Thanks for your time and patience.

dds <- DESeqDataSetFromMatrix(countData = dataCountTable, colData = dataDesign, design = ~ genotype+treatment+genotype:treatment)

dataDesign genotype treatment sample1 F FDR sample2 F FDR sample3 F FDR sample4 F FDR sample5 F SAX sample6 F SAX sample7 F SAX sample8 F SAX sample9 M FDR sample10 M FDR sample11 M FDR sample12 M FDR sample13 M SAX sample14 M SAX sample15 M SAX sample16 M SAX sample17 C FDR sample18 C FDR sample19 C FDR sample20 C FDR sample21 C SAX sample22 C SAX sample23 C SAX

dds <- DESeq(dds)

resultsNames(dds)

[1] "Intercept" "genotype_F_vs_C" "genotype_M_vs_C"
[4] "treatment_SAX_vs_FDR" "genotypeF.treatmentSAX" "genotypeM.treatmentSAX"

1. I do not understand : genotypeF.treatmentSAX and genotypeM.treatmentSAX interaction meaning?
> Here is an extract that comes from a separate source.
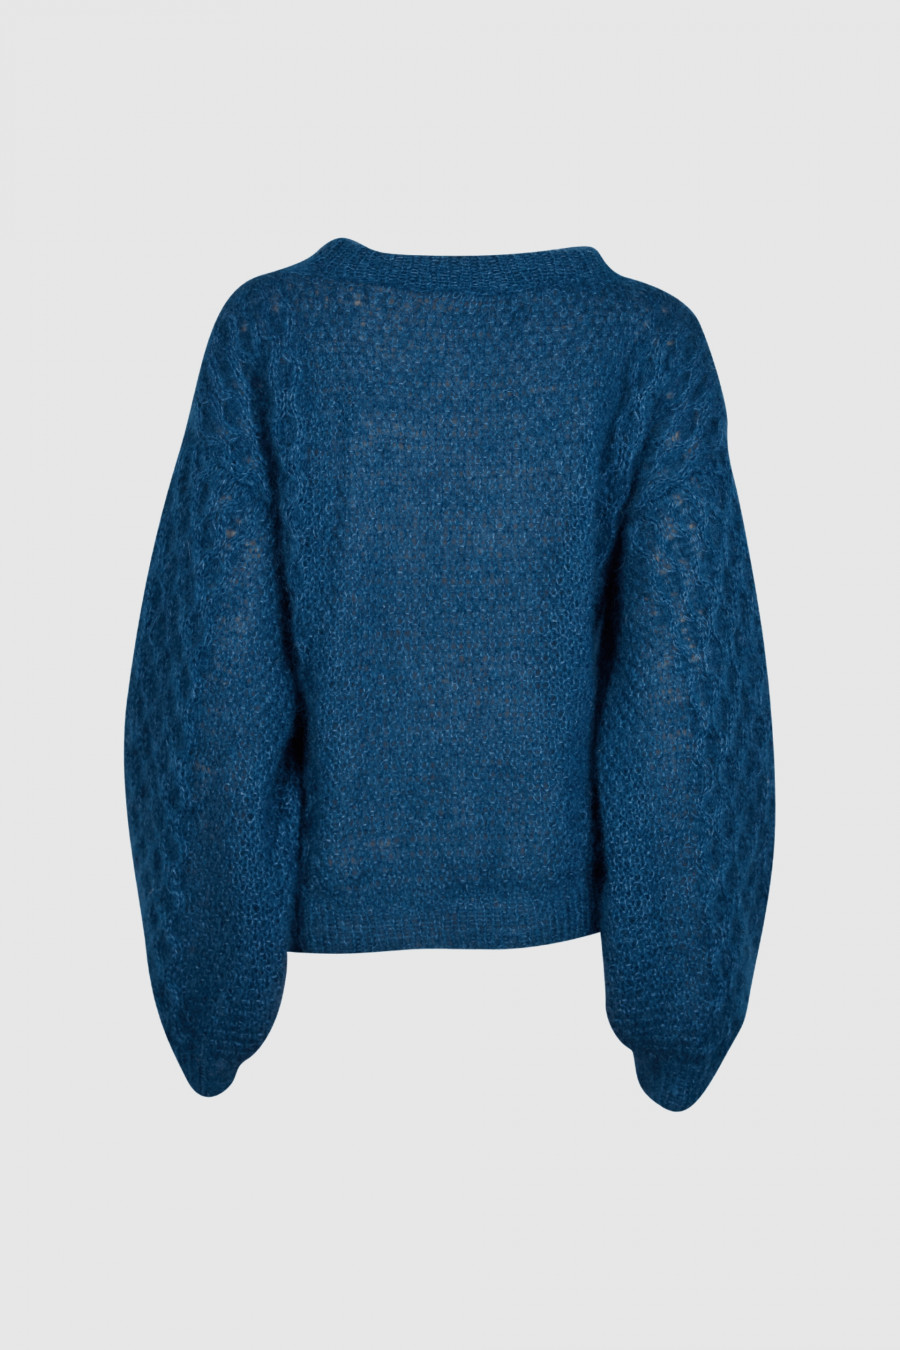 Hand knit mohair and silk sweater in Petrol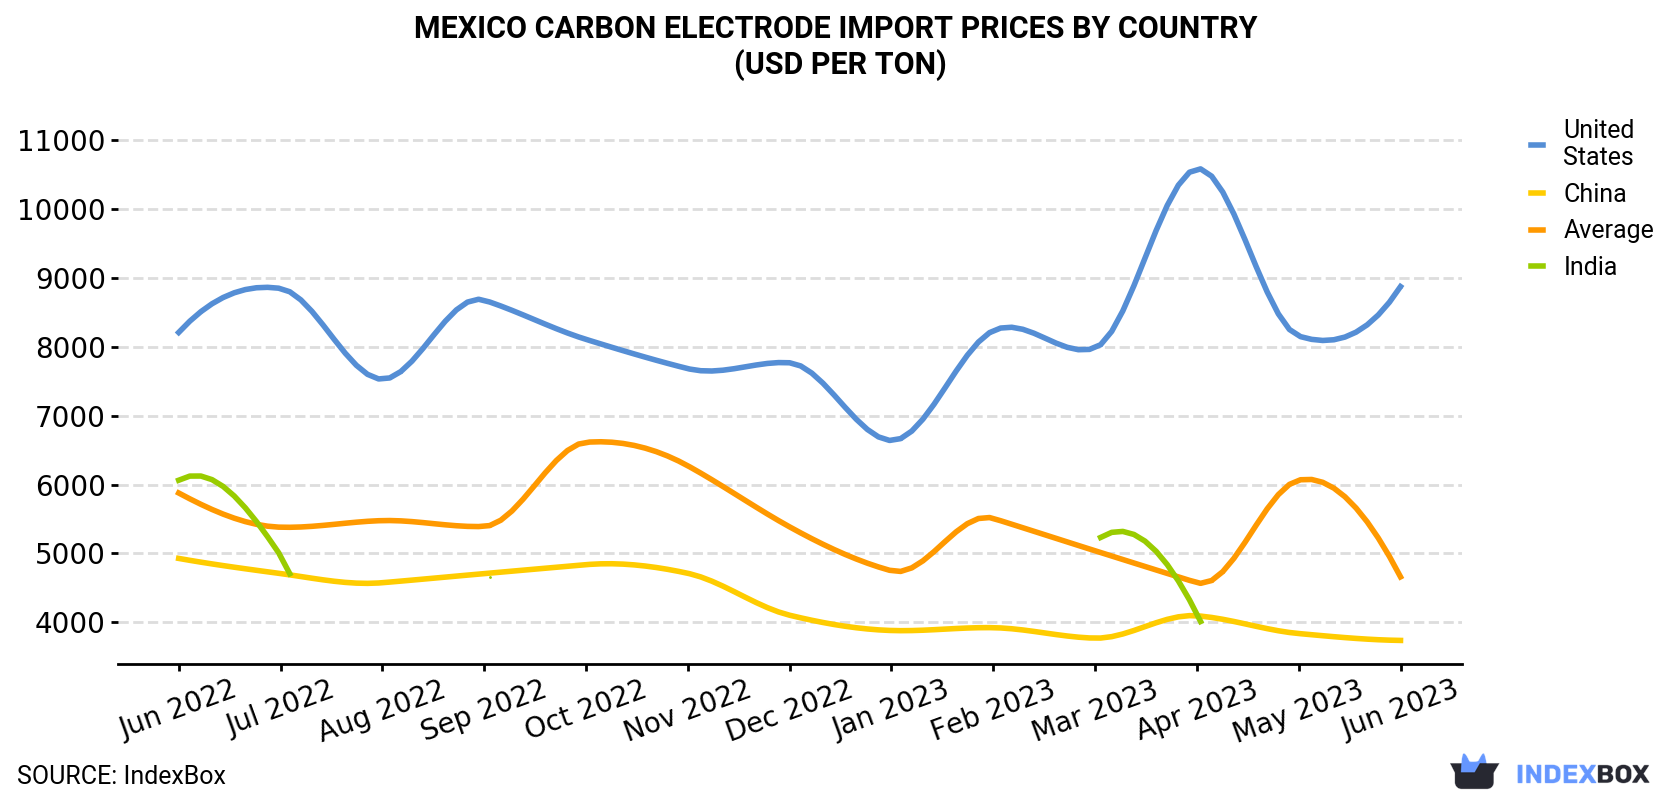 Mexico Carbon Electrode Import Prices By Country (USD Per Ton)

2: How can I answer this question: Which genes are DE in male-exposed SAX versus male-exposed FDR plants, that are not DE in other comparisons. Meaning these genes should be not DE or significantly less DE or DE in the opposite direction in female-exposed FDR versus female-exposed SAX plants, or in male-exposed FDR or control FDR plants?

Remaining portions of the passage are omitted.